» Exercise instructions
Please repeat exactly the lines below from the one containing "J.M. Szymanski" down to the one containing "Our signature hand", both included, and nothing else.

» Task inputs
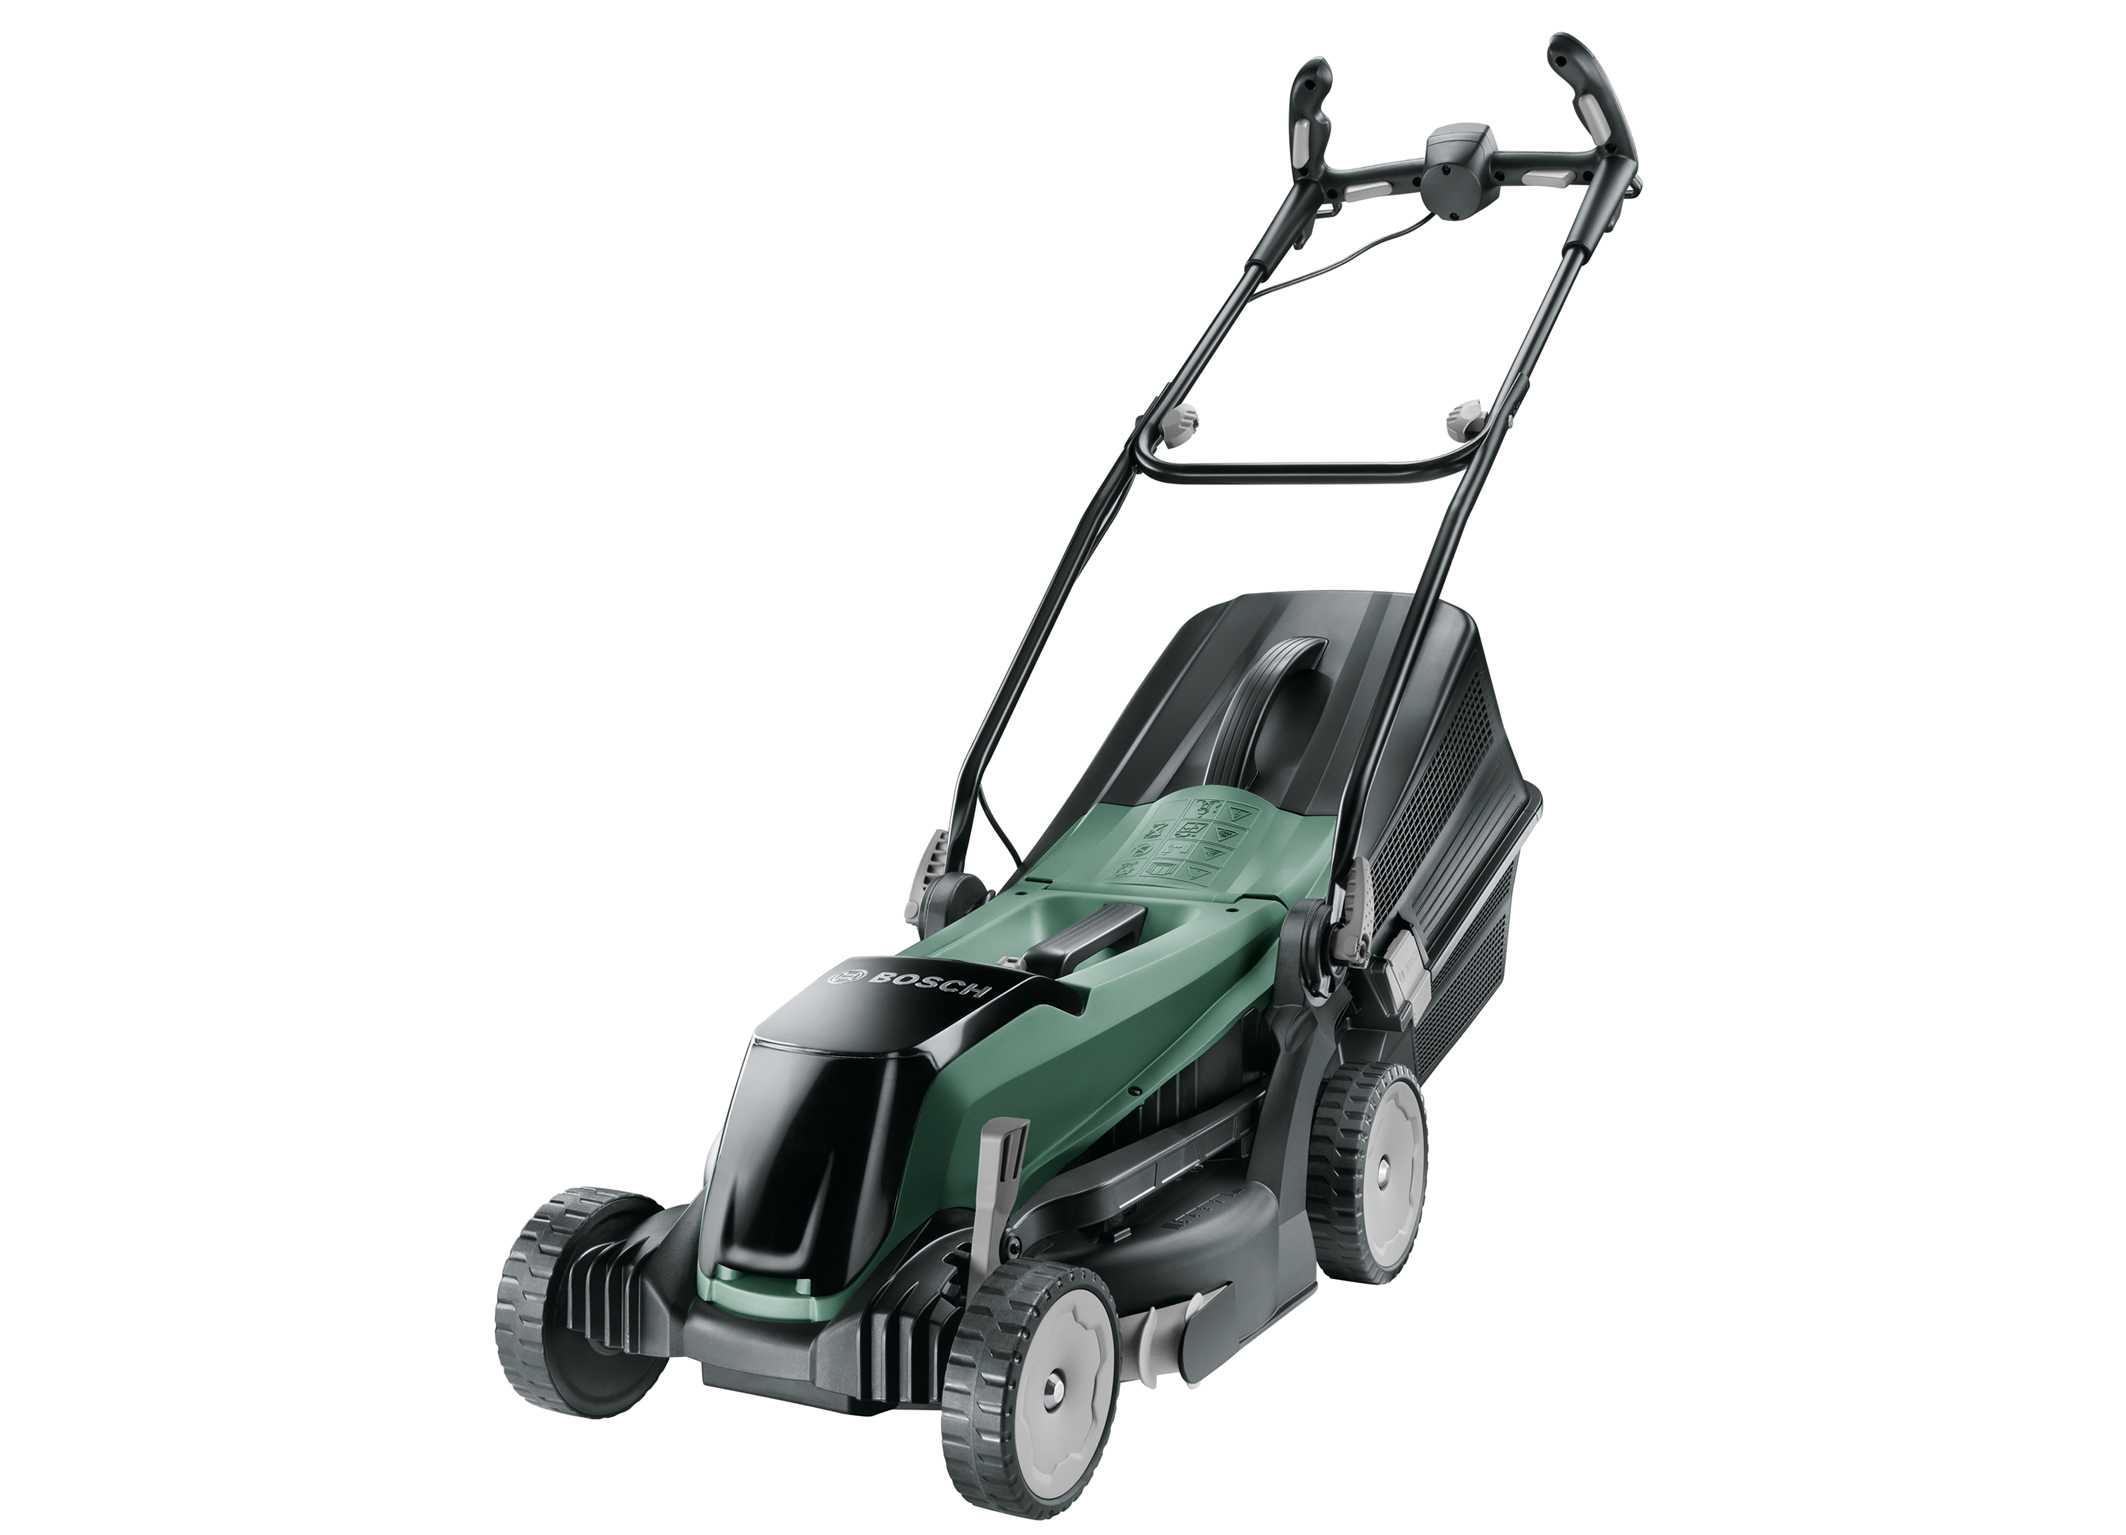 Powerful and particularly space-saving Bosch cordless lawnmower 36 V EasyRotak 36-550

--

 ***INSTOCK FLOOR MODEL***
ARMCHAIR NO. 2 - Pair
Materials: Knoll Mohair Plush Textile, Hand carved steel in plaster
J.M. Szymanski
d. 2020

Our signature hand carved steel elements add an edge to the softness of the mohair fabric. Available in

» Completed exercise
J.M. Szymanski
d. 2020

Our signature hand carved steel elements add an edge to the softness of the mohair fabric. Available in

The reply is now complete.